→ **Work to be completed**
What is needed is an exact reproduction of the lines in the records below, starting at the line with "An orange bowl" and ending at the line with "This is an undated", both included, and nothing else; pictures stay out.

→ **Task inputs**

--- --- ---

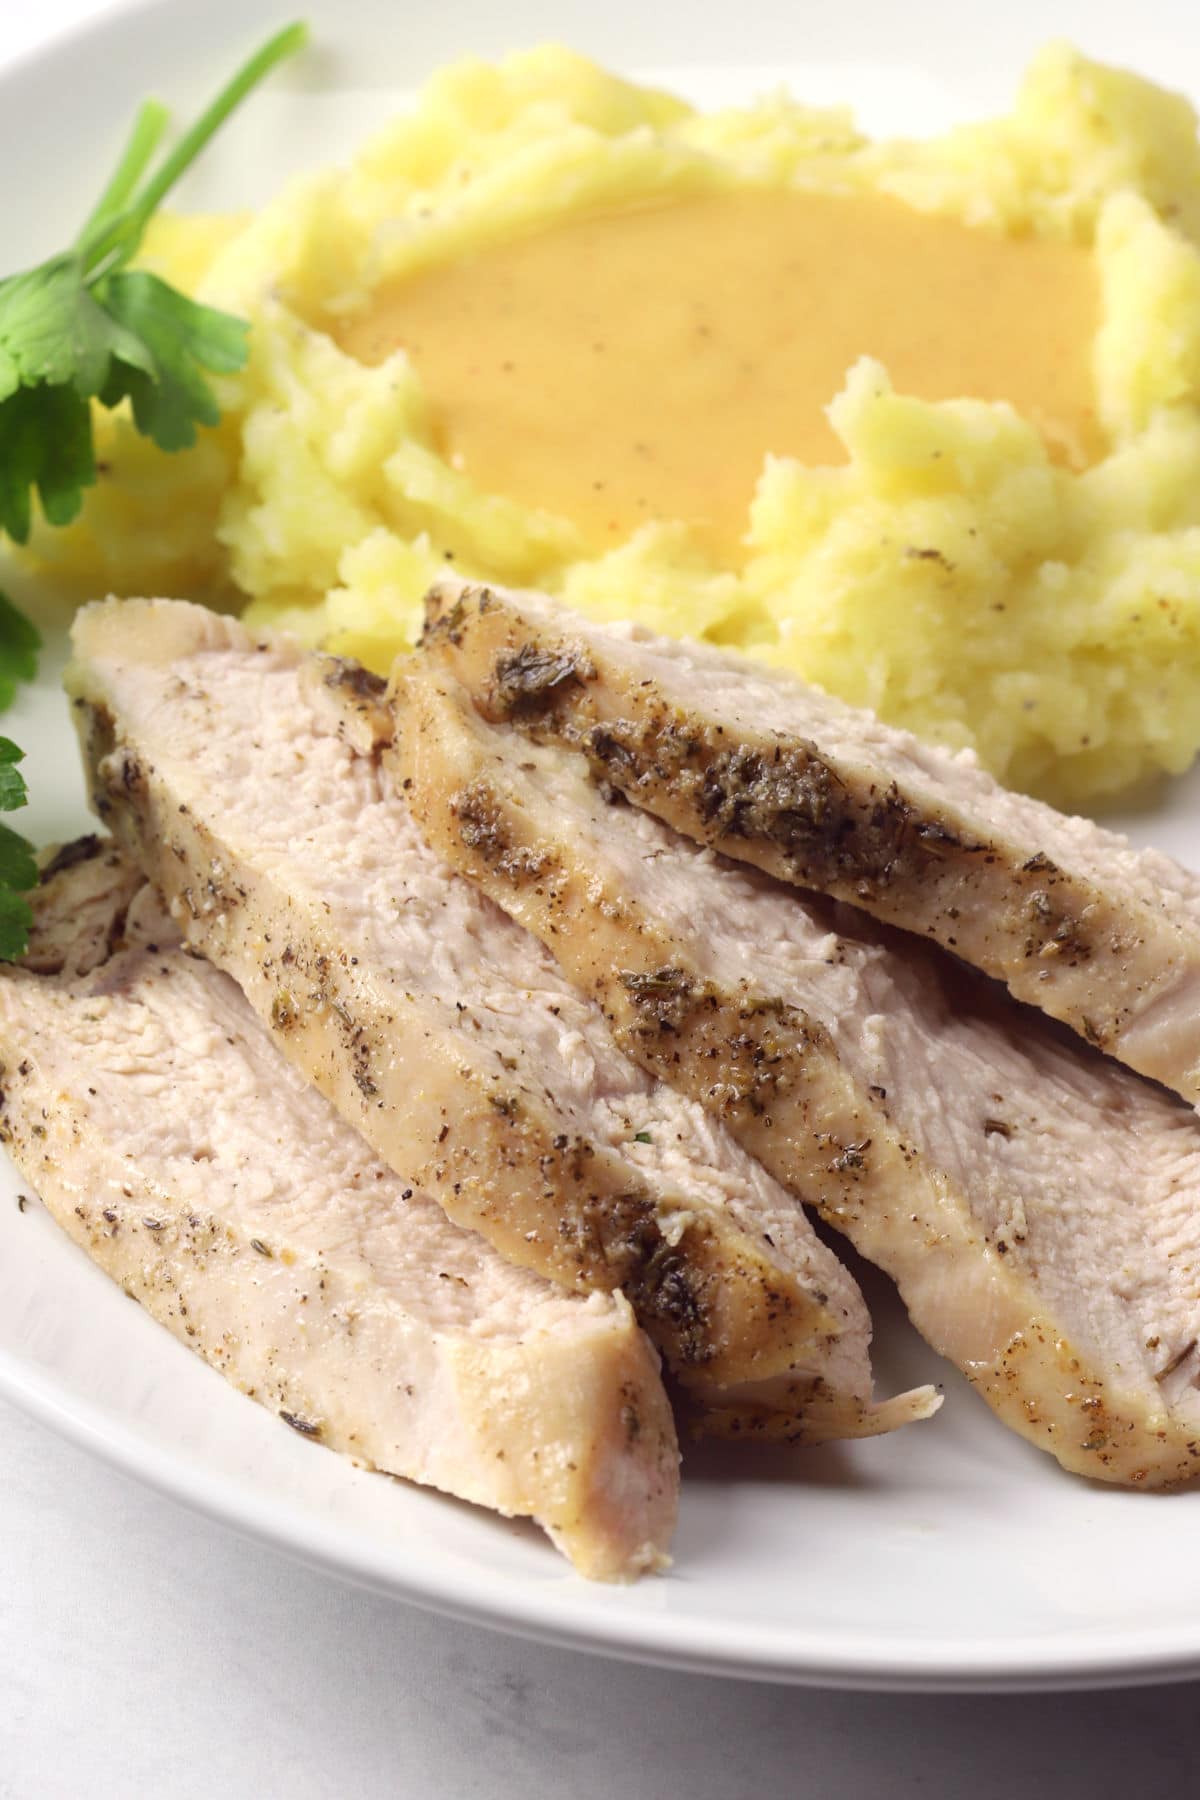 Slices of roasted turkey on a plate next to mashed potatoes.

--- --- ---

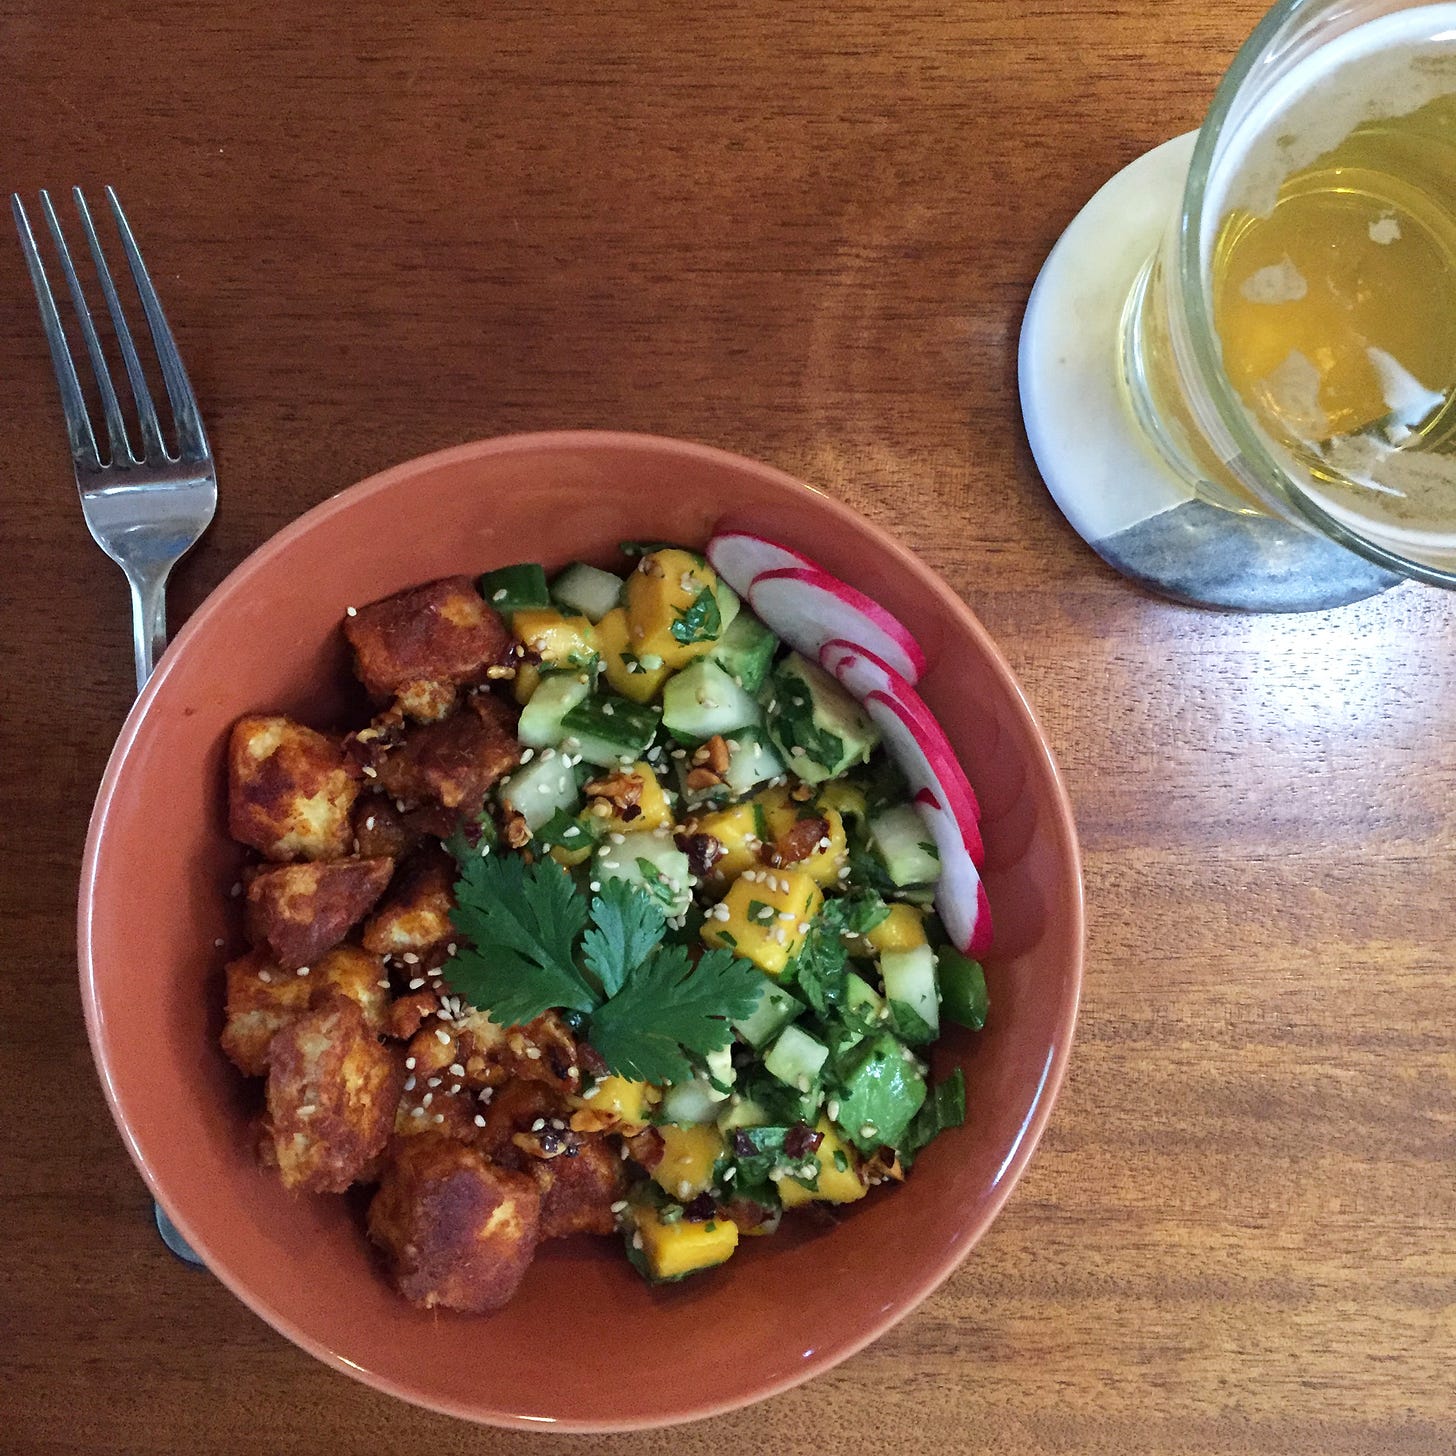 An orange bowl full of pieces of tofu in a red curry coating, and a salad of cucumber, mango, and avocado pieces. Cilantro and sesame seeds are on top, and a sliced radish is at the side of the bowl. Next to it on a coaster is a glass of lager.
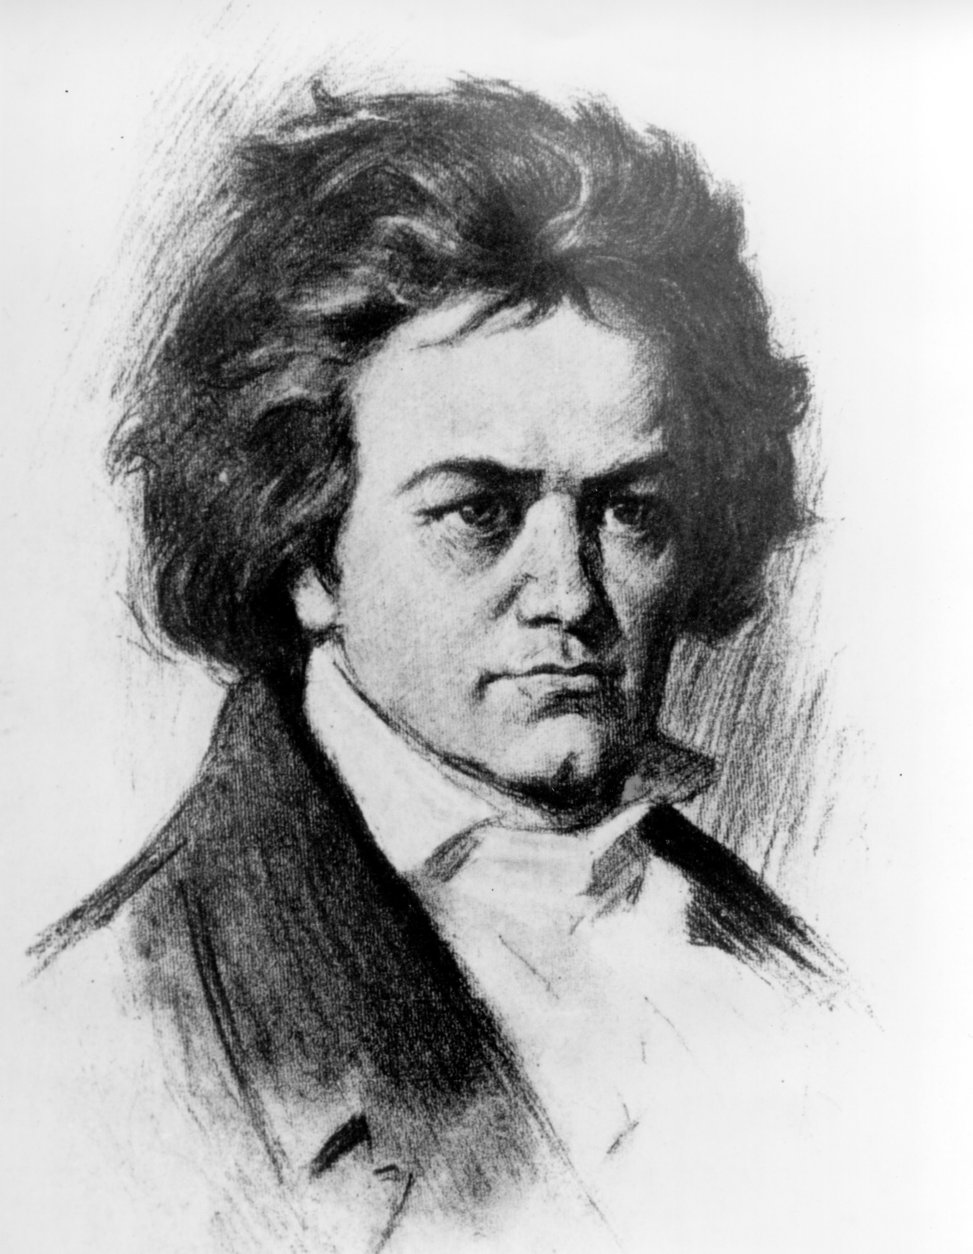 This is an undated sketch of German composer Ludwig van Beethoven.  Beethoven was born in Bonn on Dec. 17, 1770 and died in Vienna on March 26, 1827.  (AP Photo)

--- --- ---

→ **Output of the task**
 An orange bowl full of pieces of tofu in a red curry coating, and a salad of cucumber, mango, and avocado pieces. Cilantro and sesame seeds are on top, and a sliced radish is at the side of the bowl. Next to it on a coaster is a glass of lager.
 This is an undated sketch of German composer Ludwig van Beethoven.  Beethoven was born in Bonn on Dec. 17, 1770 and died in Vienna on March 26, 1827.  (AP Photo)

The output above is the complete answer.